Adapters were trimmed using Trimmomatic (v.0.36)155, and alignment, read filtering and genome coverage calculation were performed as for ATAC–seq. The bam files of WT and dKO samples were concatenated into a master bam file, which was used to call significant peaks with matching input controls using MACS2 (v.2.1.0)152. Cutoff values for q-value significance were determined post-hoc, testing several q-values on the basis of the signal-to-background ratio. Quantification of reads in significant peaks for all samples was performed using bedtools (v.2.29.2)153 multicov. TEs and SEs were called on the basis of H3K27ac enrichment using the ROSE algorithm (rank ordering of super-enhancers) (v.0.11)156,157 with a stitching distance of 12.5 kb and a TSS exclusion zone size of 2.5 kb.

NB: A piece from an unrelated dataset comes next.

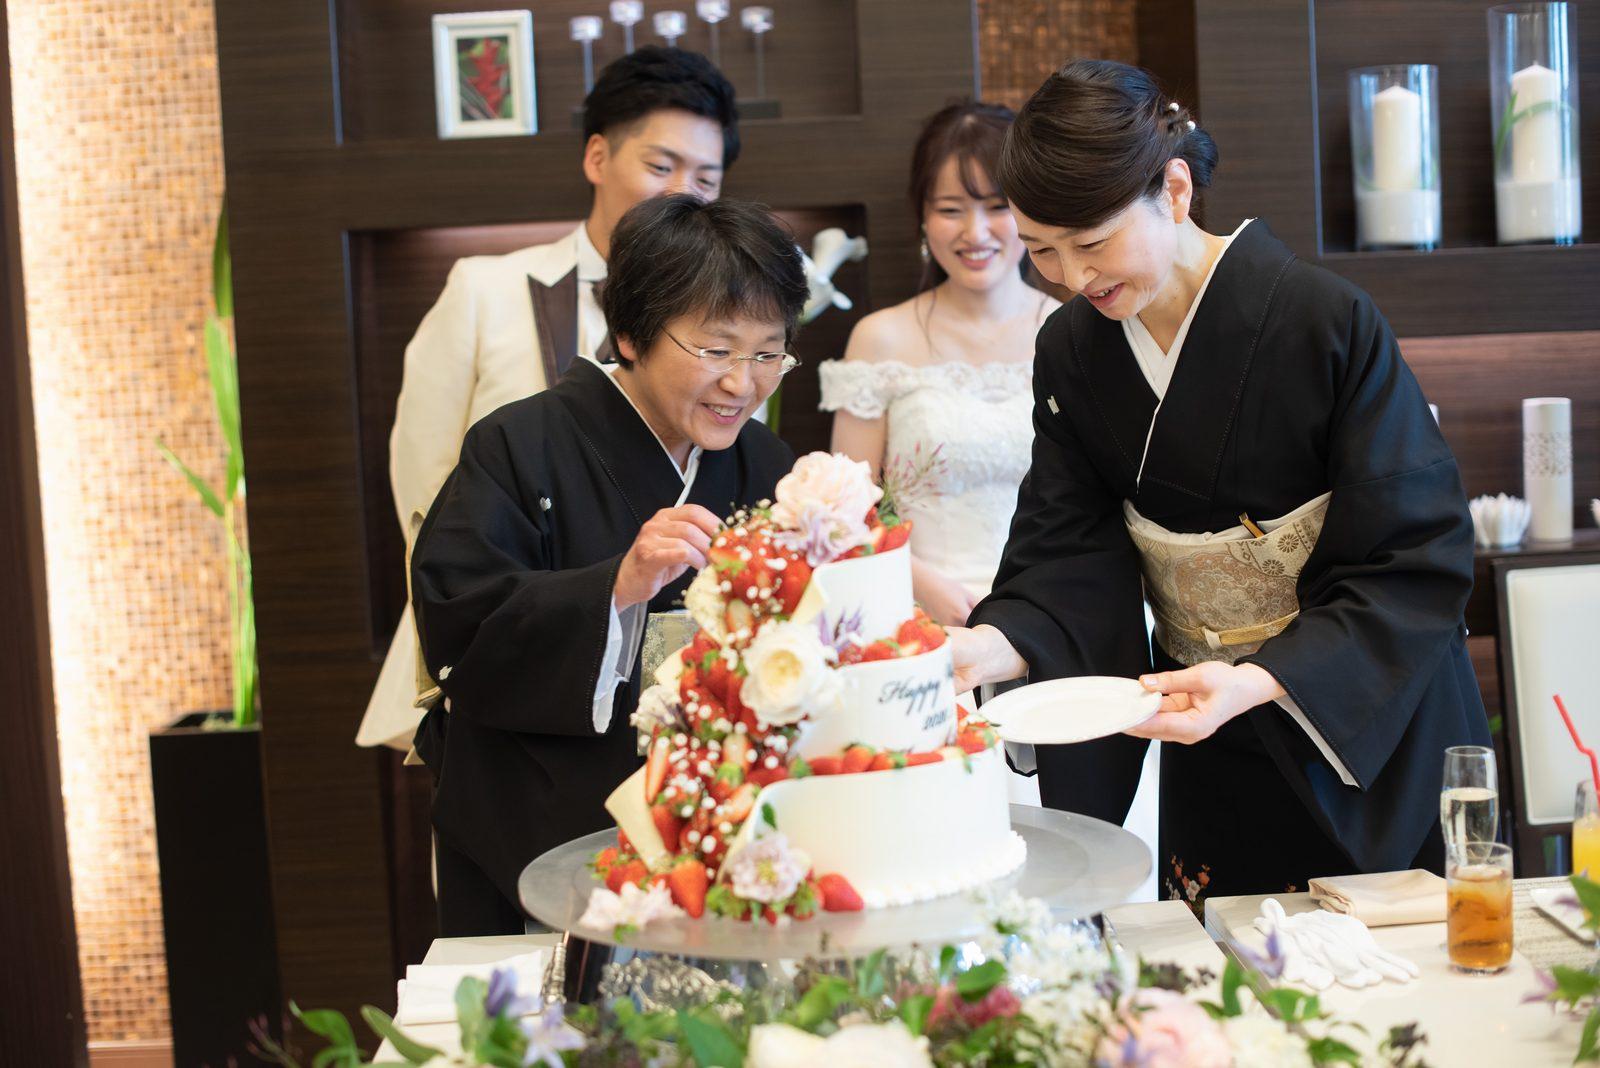 徳島県の結婚式場ブランアンジュの披露宴でラストバイトの準備をする両家母
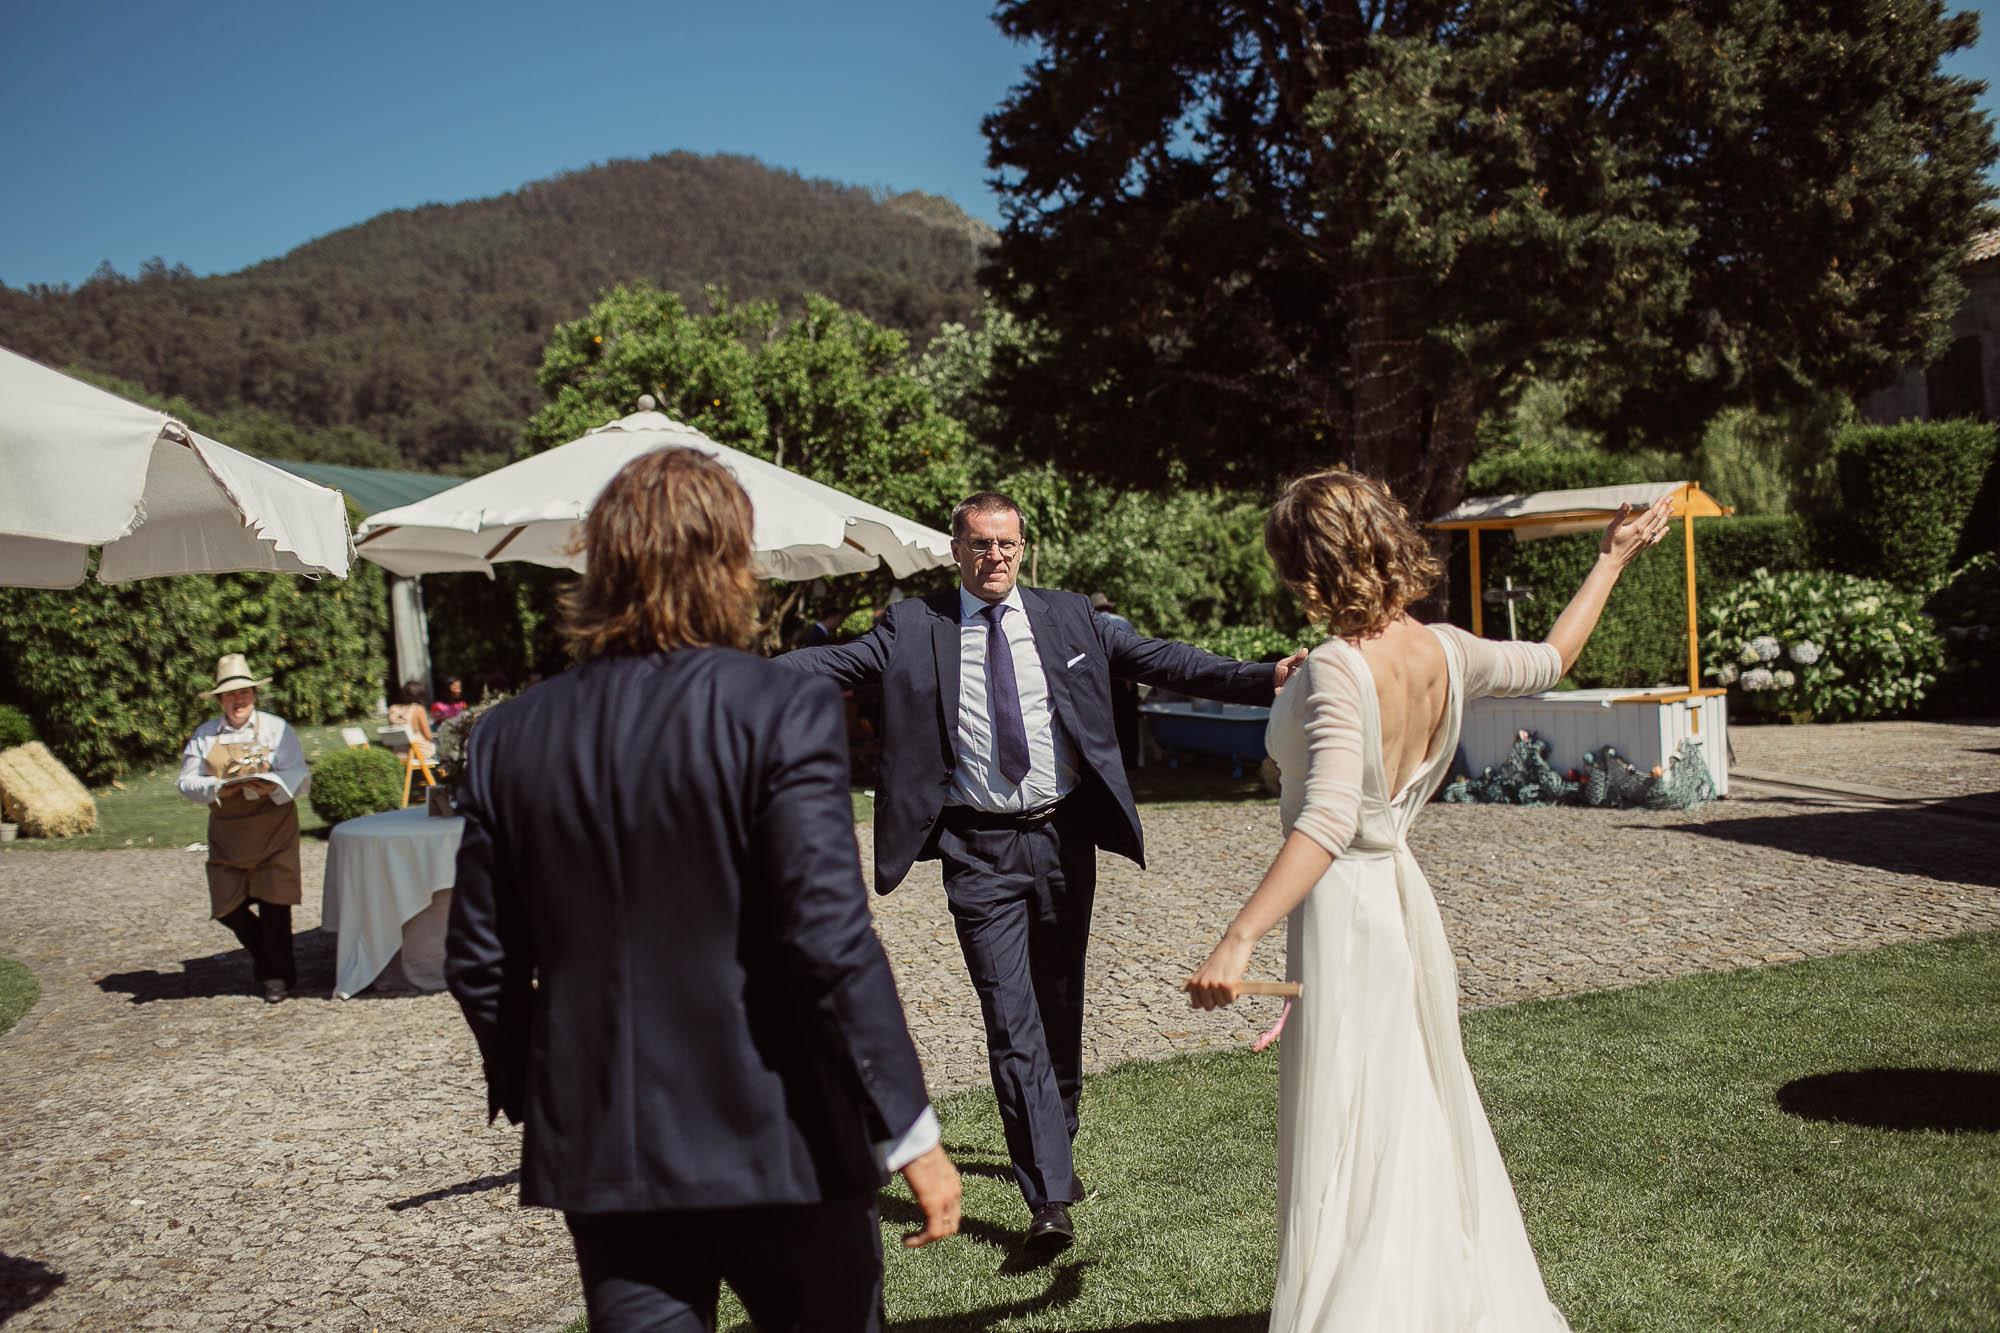 Marido y mujer van corriendo a saludar a un amigo que les recibe con los brazos abiertos

The ROSE algorithm was also used to extract H3K27ac levels at TEs and SEs for WT and dKO samples individually. The average H3K27ac signal value across all elements was calculated for each sample and further used for normalization between samples. The log2 fold change ratio of the normalized signal (–0.75 < log2 fold change < 0.75) was used to call differential TEs and SEs. All other enhancers were considered static.

CUT&RUN

2 × 105 short-term cultured CAFs before or after 30 min of serum stimulation were processed for CUT&RUN158 for macroH2A1 (antibody ab37264, Abcam, lot number GR278020-1, 1 μg per reaction). Cells were permeabilized with 0.0085% digitonin and incubated with antibody. DNA was cleaved with the CUTANA pAG-MNase (Epicypher). Released DNA was processed using a NEBNext Ultra II Library Preparation kit for Illumina (NEB), including a 14-cycle amplification step. Libraries were sequenced and reads were processed as for ATAC–seq.

CUT&RUN analysis

MacroH2A1 enrichment determined by CUT&RUN was benchmarked by correlation analysis with published macroH2A1 ChIP–seq data in dermal fibroblasts62. Enrichment at the level of read pileups had a correlation coefficient of 0.79 (Extended Data Fig. 6a). MacroH2A1 chromatin domains were called separately for stimulated and unstimulated samples using SEACR (v.1.3)159 without a control in stringent mode with a threshold of 0.05, and significant peaks were merged using bedtools (v.2.29.2)153 if within 25 kb distance. Merged peak and alignment files for unstimulated and stimulated cells were then concatenated to generate master files for the ROSE algorithm156,157. A stitching distance of 12.5 kb, no TSS exclusion and normalization to element size were used in ROSE to rank macroH2A1 domains. The equivalent of SEs called by ROSE based on the macroH2A1 signal were termed super-MCDs. The equivalent of TEs was then divided into groups of standard and low macroH2A1 signals using a cutoff above 3,780 (signal density × length units) determined post-hoc on the basis of the macroH2A1 enrichment-to-background ratio. Most domains with low macroH2A1 signal were also below 1.5 kb in length, represented less than 0.5% of the genome, showed higher enrichment of IgG over the macroH2A signal, and were therefore excluded from further analysis. For comparing macroH2A1 enrichment levels, static genes were selected as follows: for each differentially expressed gene, all genes within 25% of its averaged transcripts per million (TPM) level in WT samples were identified, and 10 (inflammatory up genes comparison) or 3 (all DEG comparison) genes that were neither differentially expressed nor less than 1 kb in length were randomly selected, added to a running list, and duplicates were removed.

pcMicro-C

Micro-C was performed using a Dovetail Micro-C kit (Cantata Bio) according to the manufacturer’s protocol. Chromatin from 1 × 106 WT and dKO cultured CAFs, crosslinked after serum stimulation, was digested with 3 μl MNase to obtain a mononucleosomal fraction within specifications. Each chromatin preparation was subjected to proximity ligation and subsequent library preparation in duplicate. Next, 400 ng of each library was pooled and subjected to promoter capture using a Dovetail Target Enrichment kit and a Mouse Pan Promoter Panel (Cantata Bio). The manufacturer’s protocol was adjusted by halving the streptavidin bead elution volume to enable the use of the entire post-capture material for the amplification reaction and performing only seven PCR cycles. The resulting 4-plex library was sequenced on a NextSeq 500 high output lane in a 75 bp paired-end configuration.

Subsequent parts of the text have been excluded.